## [AIM OF THE EXERCISE]
In the records below, repeat word for word only the lines starting at the one that contains "Short Wedding Dresses" and ending at the one that contains "Scanner Epson Tx115 (semi novo)", pictures excluded.

## [EXTRACTED INFORMATION]
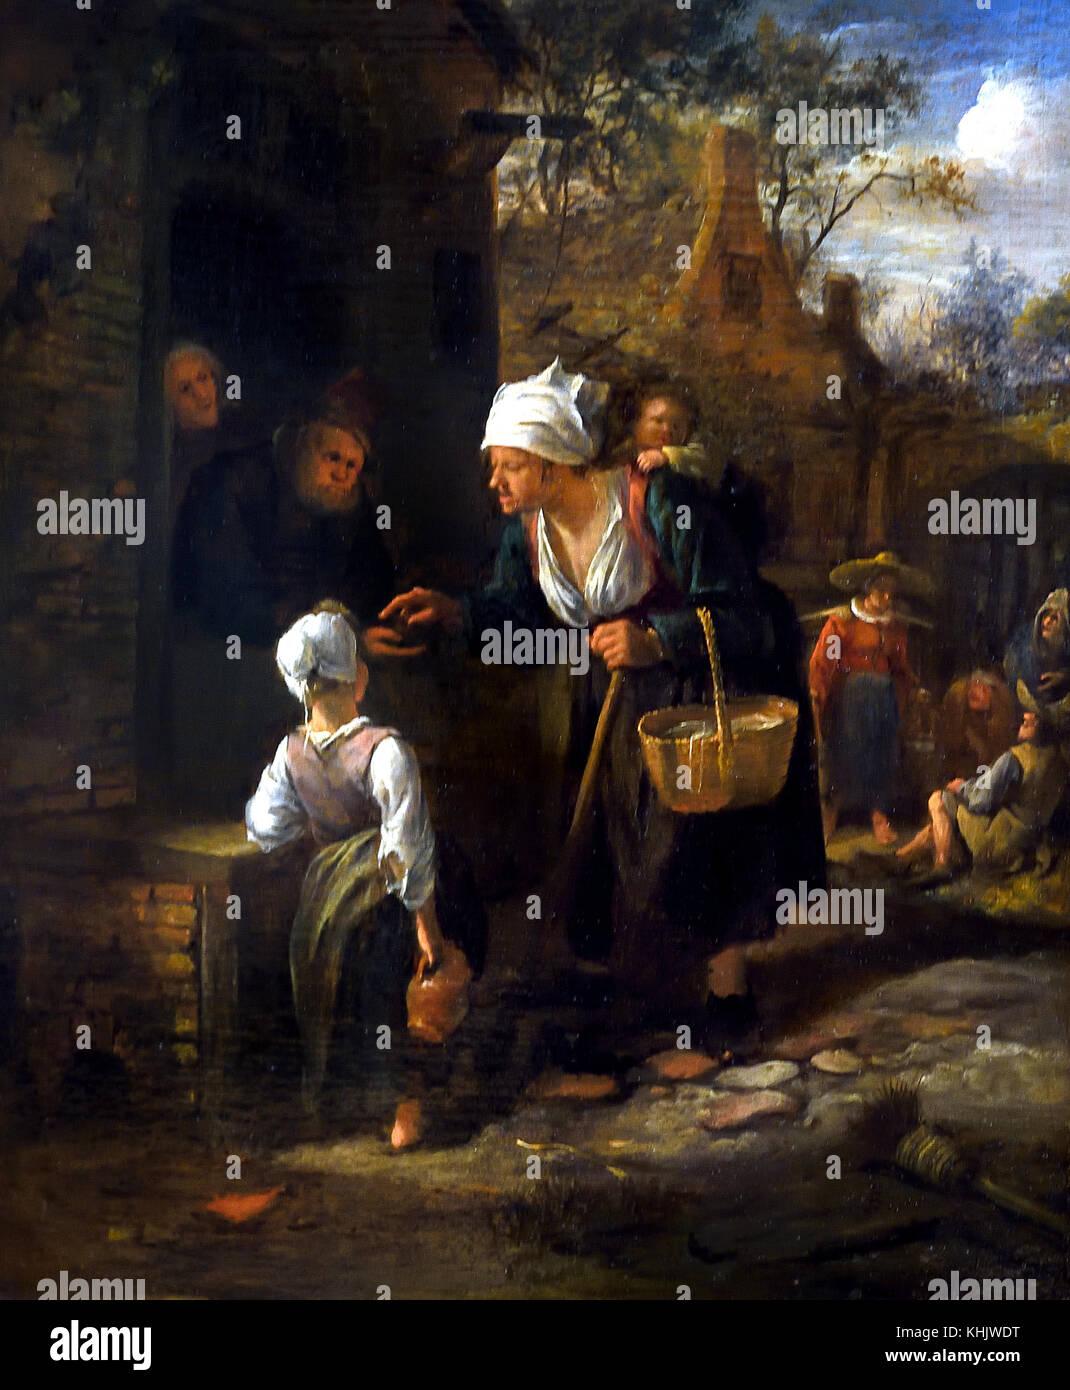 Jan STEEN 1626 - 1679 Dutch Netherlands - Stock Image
---
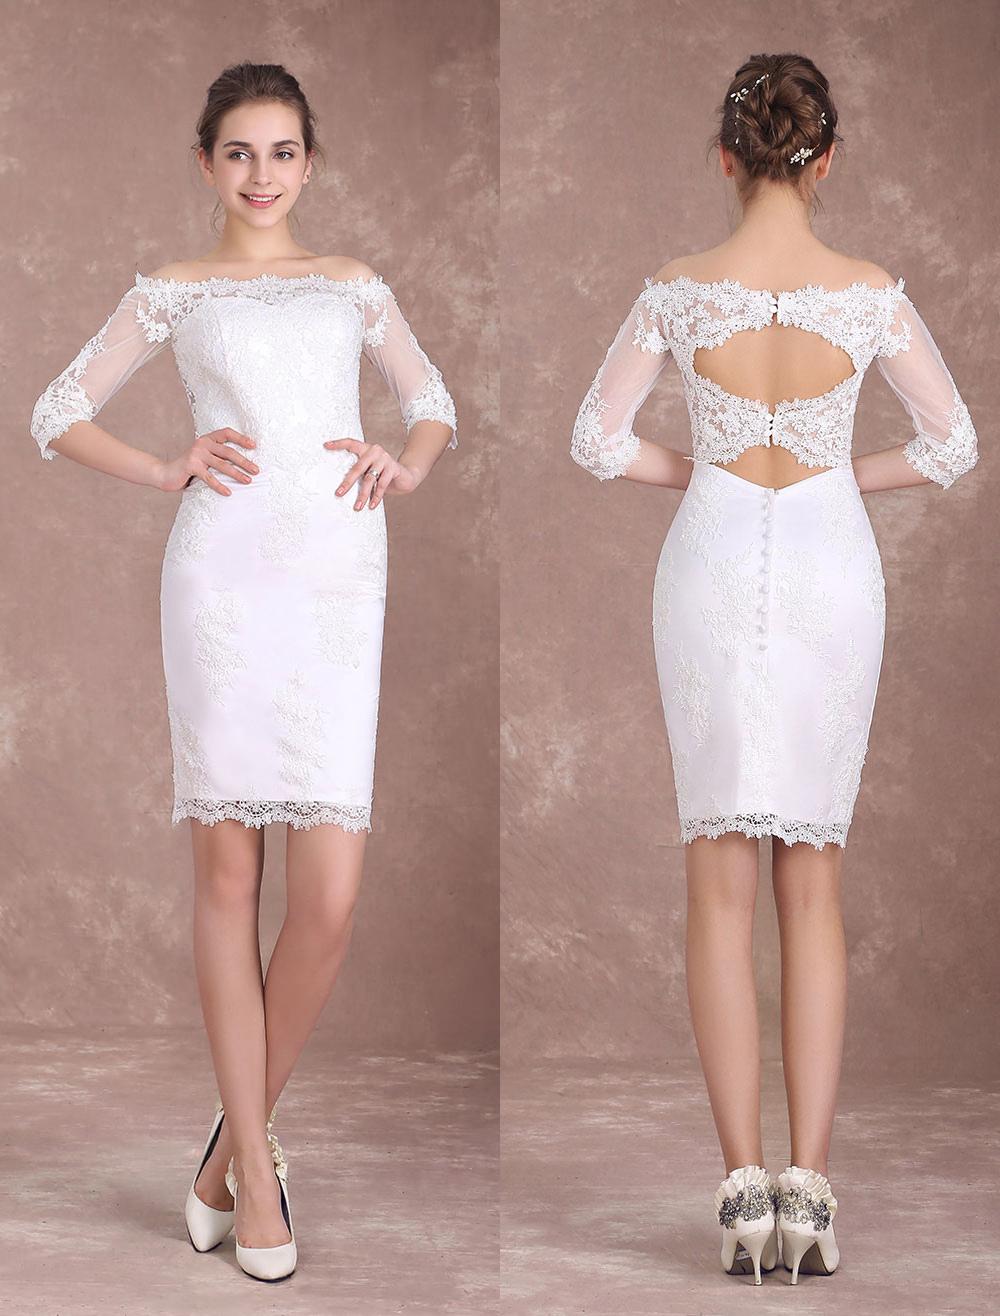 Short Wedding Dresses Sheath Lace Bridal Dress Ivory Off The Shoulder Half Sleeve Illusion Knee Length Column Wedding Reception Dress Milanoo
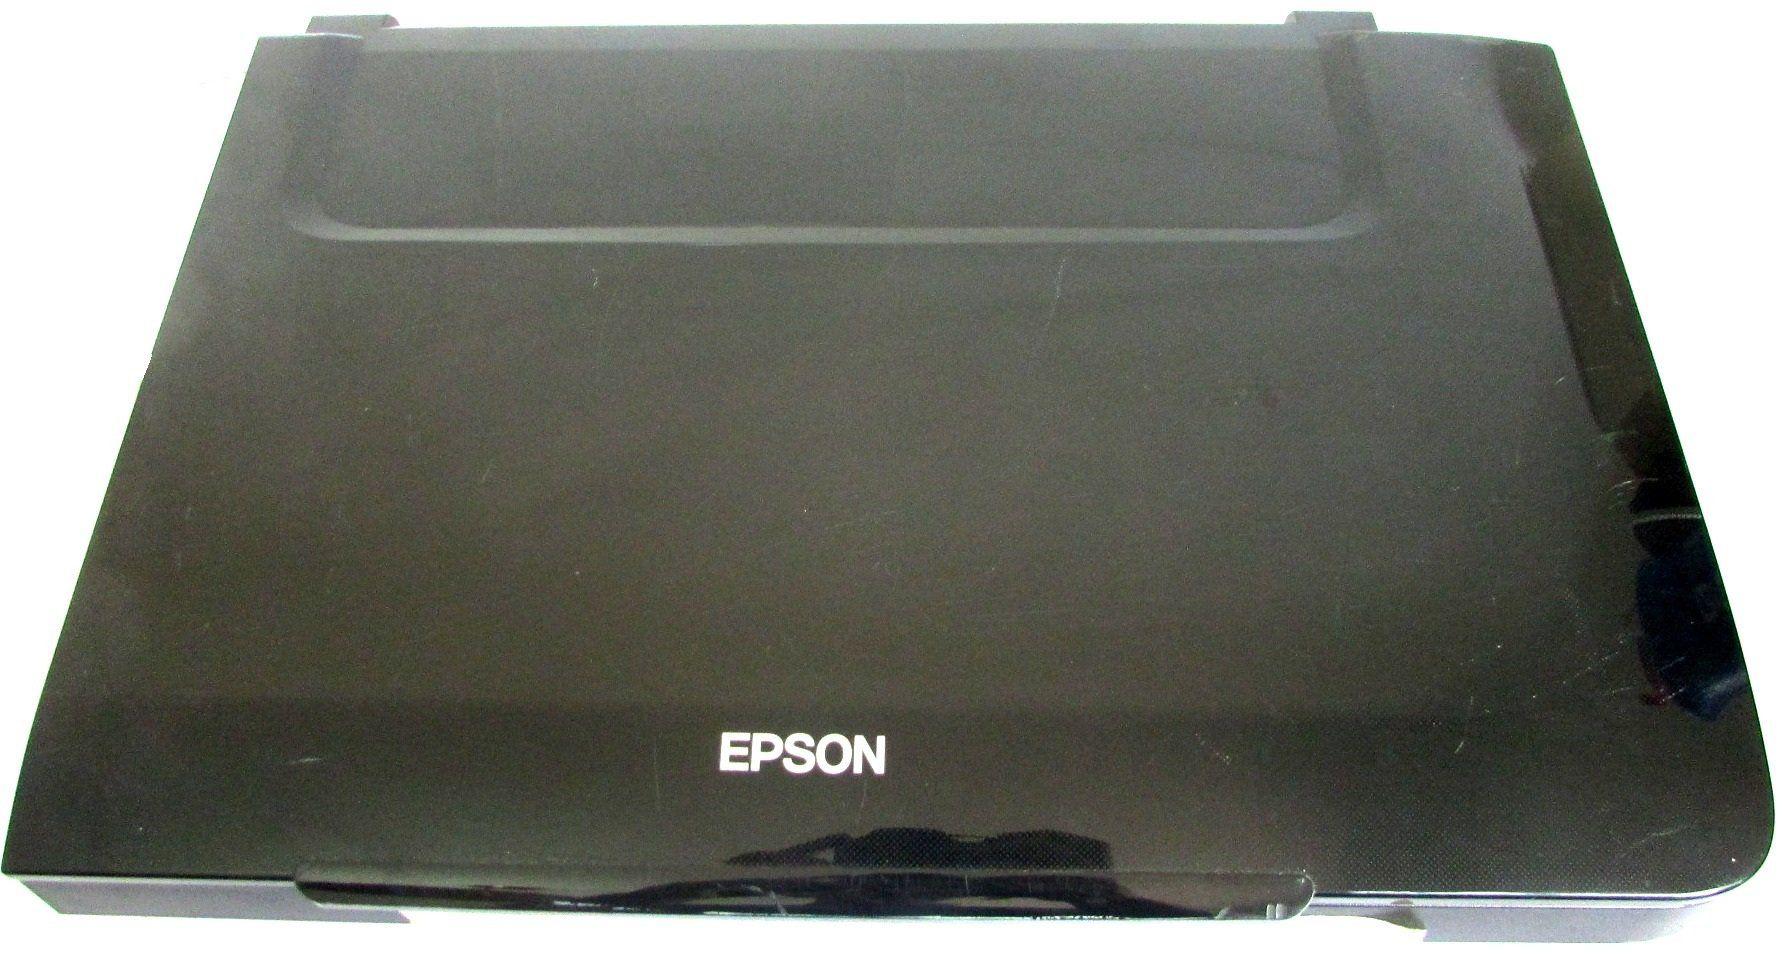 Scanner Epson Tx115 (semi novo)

## [YOUR RESPONSE]
 Short Wedding Dresses Sheath Lace Bridal Dress Ivory Off The Shoulder Half Sleeve Illusion Knee Length Column Wedding Reception Dress Milanoo
 Scanner Epson Tx115 (semi novo)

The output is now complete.